Enda Kenny, Emmanuel Macron, Joe Biden, Benjamin Netanyahu and George Osborne were all lobbied by the ride-hailing giant, according to the Uber files.
A global investigation based on leaked files has revealed how Uber aggressively lobbied politicians across the world over a five-year period to gain strategic advantages in new markets.
More than 124,000 documents were leaked to The Guardian, exposing the ride-hailing tech giant’s sometimes ruthless techniques to expand globally.
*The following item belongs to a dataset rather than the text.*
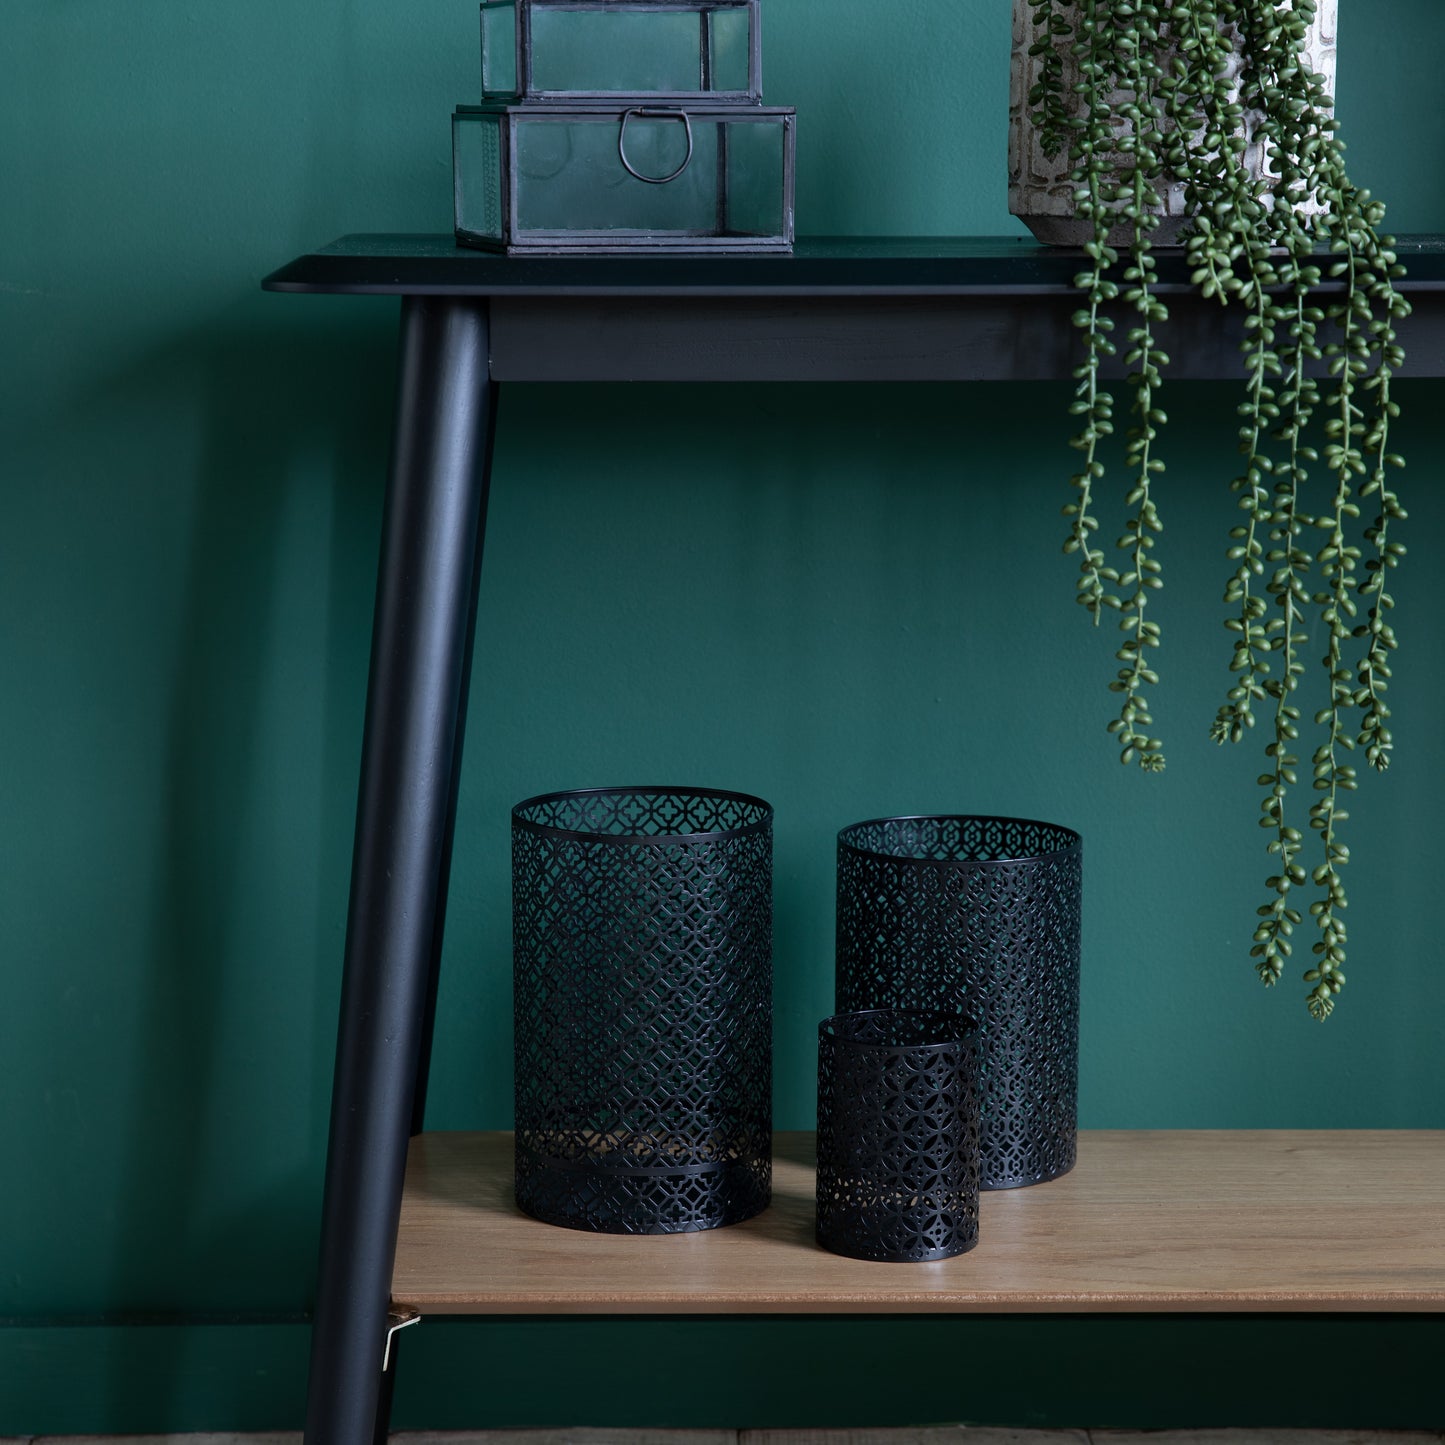 A black Maddox Console Table with Shelf from Kikiathome.co.uk adorned with two vases and a plant, perfect for interior decor.

Called the Uber files, this information has been shared to media in 29 countries via the International Consortium of Investigative Journalists.
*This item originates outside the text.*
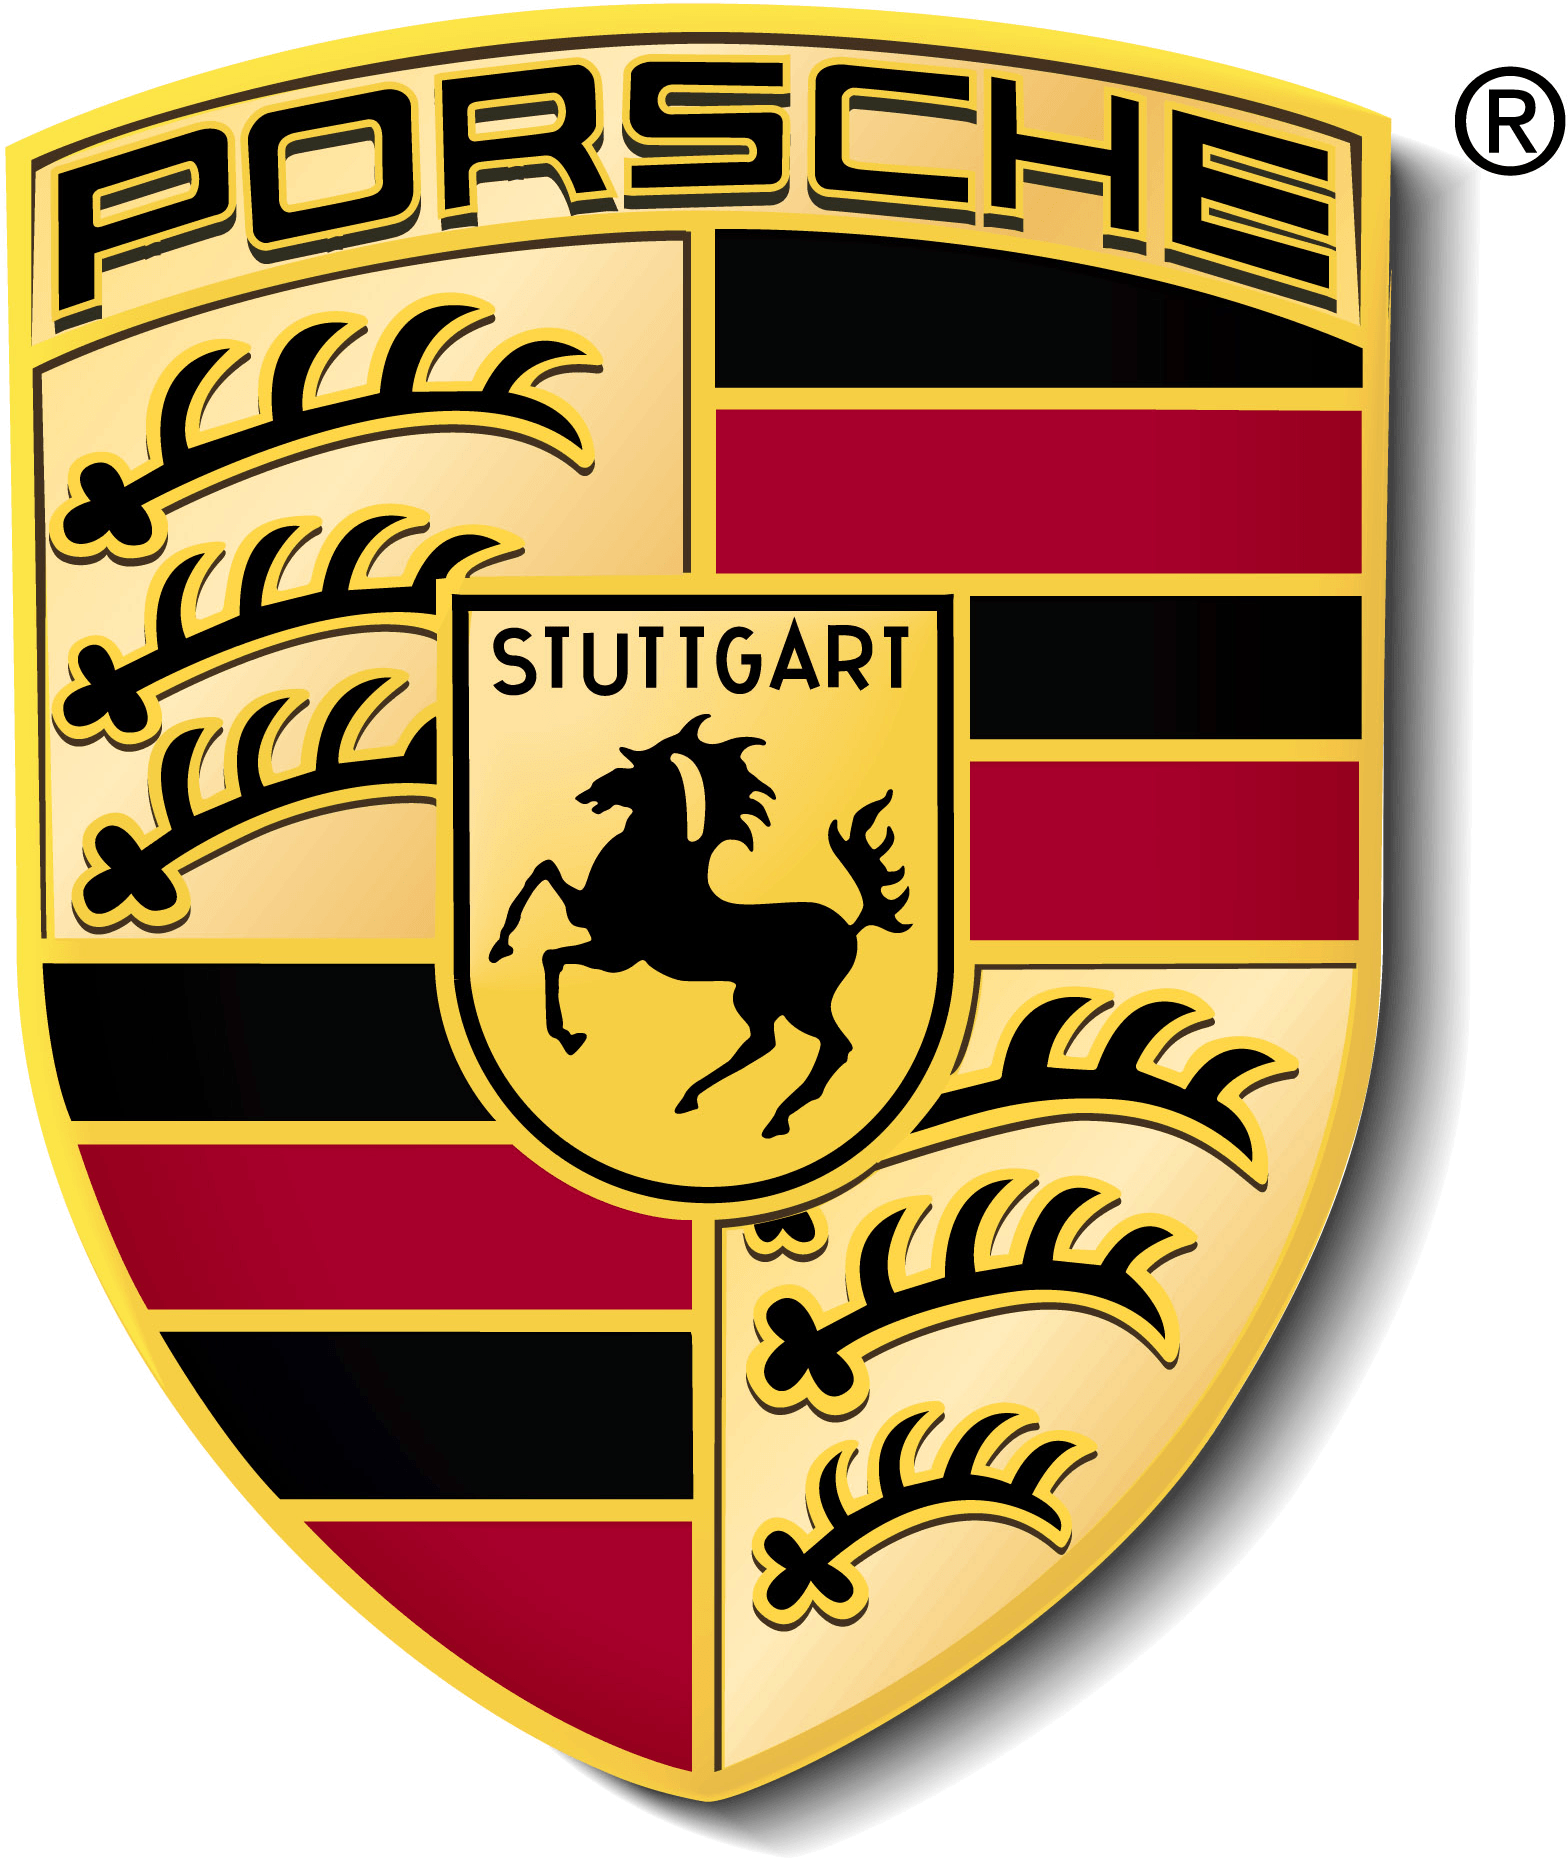 A F in Shield Car Logo - German flag colors (Company is based out of Germany) and shield type ...

Documents reveal that the California-headquartered company broke multiple national laws and taxi regulations, duped police and even encouraged violence against drivers. The leaked data covers operations in 40 countries between 2013 and 2017.
Politicians lobbied by Uber in that period include current US president Joe Biden, former Taoiseach Enda Kenny, former Israeli prime minister Benjamin Netanyahu, and former UK chancellor George Osborne.
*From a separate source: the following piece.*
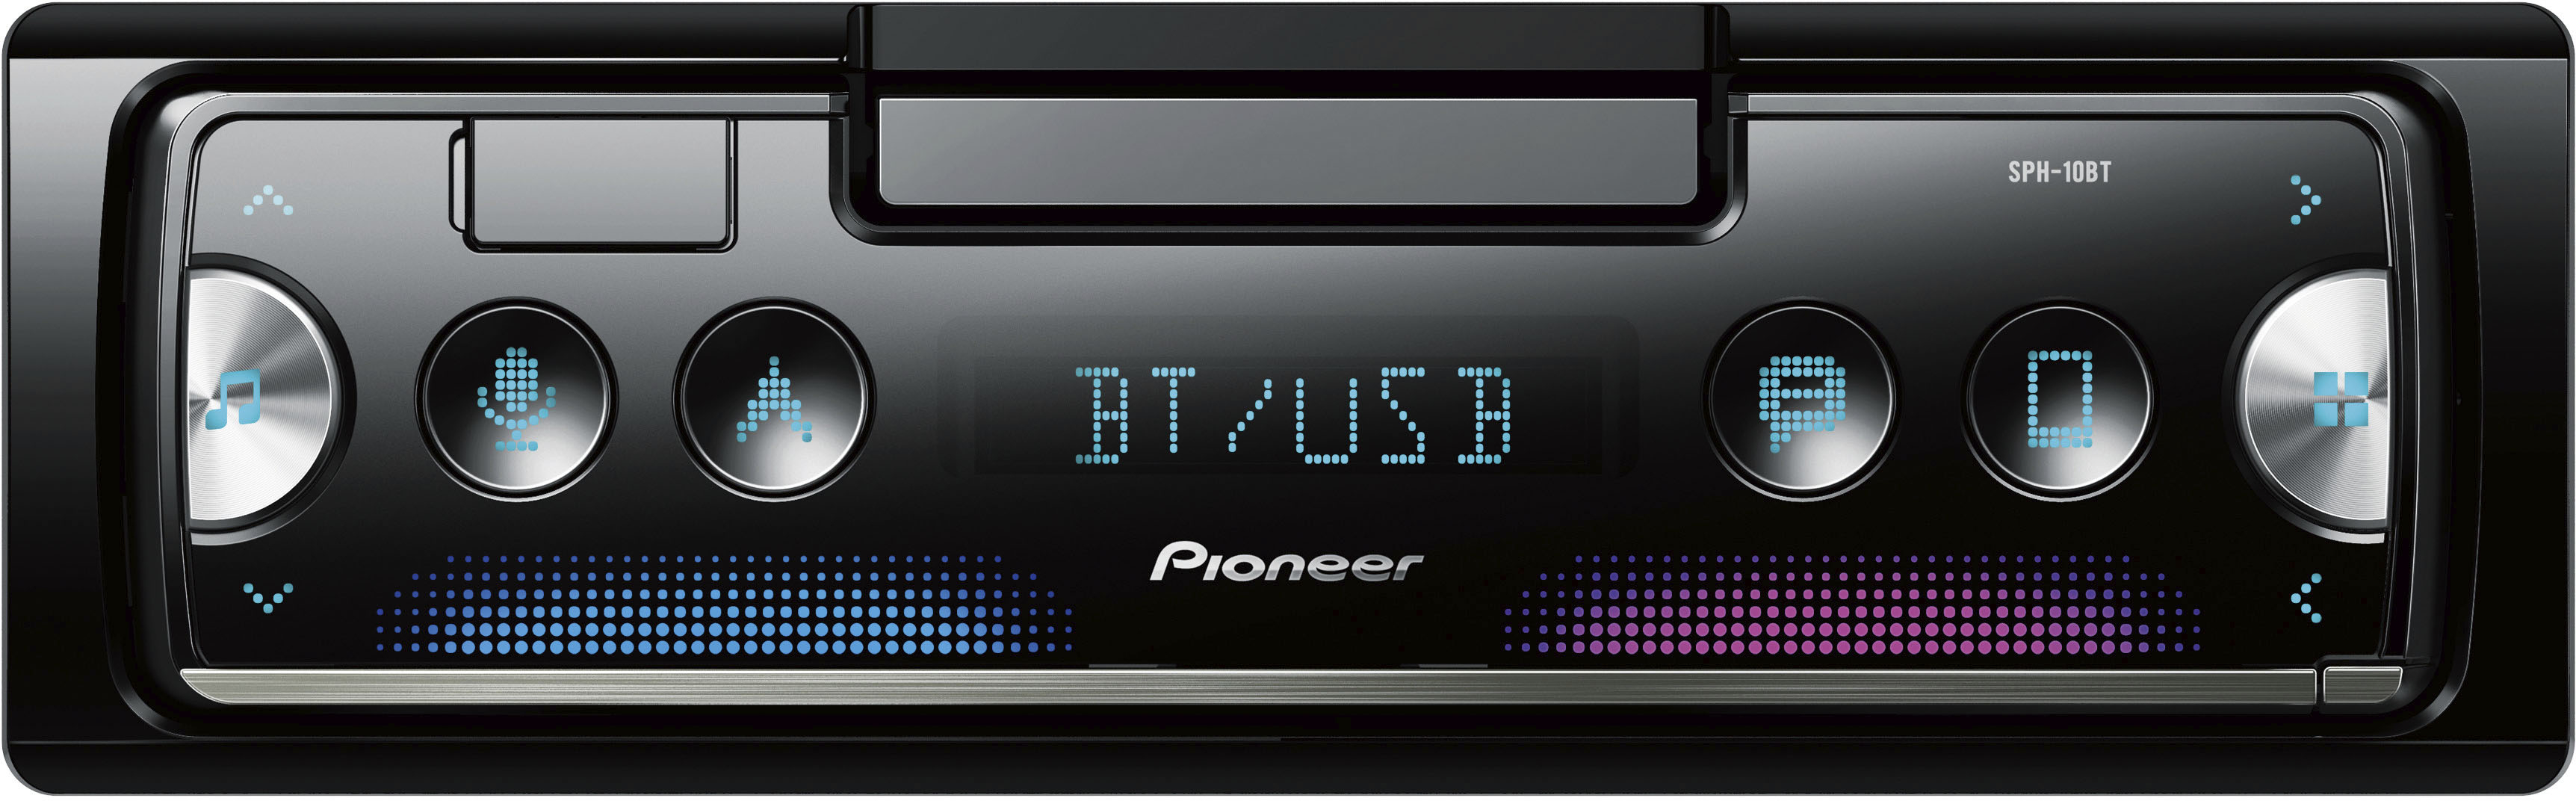 Is Pioneer A Good Brand For Car Audio? Yes & Here's Why

But perhaps the most damning of the Uber files revelations is the company’s relationship with French president Emmanuel Macron, who was the country’s economy minister at the time.
Macron allowed Uber frequent and direct access to him and his staff, The Guardian reports, and went to great lengths to support the company’s expansion in France – including brokering a secret deal with Uber’s opponents in the French cabinet at the time.
Uber was also reported to have used a “kill switch” that cut access to its IT systems and blocked police from seeing data during raids on its offices in at least six countries, including France.
Uber and Ireland
Uber first began operations in Ireland in February 2014, but initially faced an impasse with the State’s taxi regulator, the National Transport Authority, which refused to tweak rules that would allow Uber to operate in Ireland more freely.
According to The Irish Times, data from the Uber files reveals how the company attempted to “build goodwill” with the Irish Government during the St Patrick’s Day ministerial visits to the US in 2015, which it saw as an opportunity to bypass the National Transport Authority.
In an attempt to get political leverage with then Taoiseach Kenny and Minister for Transport Paschal Donohoe, Uber head of public policy for Ireland and the UK Andrew Byrne told colleagues that he was considering opening a service centre in Ireland.
An external lobbyist even advised Byrne that opening the centre outside Dublin would be a “positive political decision” because Kenny was from Co Mayo.
In response to the Uber Files, the company has said that it “will not make excuses for past be behaviour that is clearly not in line with our present values”.
“Instead, we ask the public to judge us by what we’ve done over the last five years and what we will do in the years to come.”
The company claims it has transformed since a change in leadership in 2017, when co-founder Travis Kalanick was replaced as CEO by Dara Khosrowshahi, and that more than 90pc of current employees have joined Uber since then.
A spokesperson for former CEO Kalanick said he “never authorised any actions or programmes that would obstruct justice in any country”.
“The reality was that Uber’s expansion initiatives were led by over a hundred leaders in dozens of countries around the world and at all times under the direct oversight and with the full approval of Uber’s robust legal, policy and compliance groups.”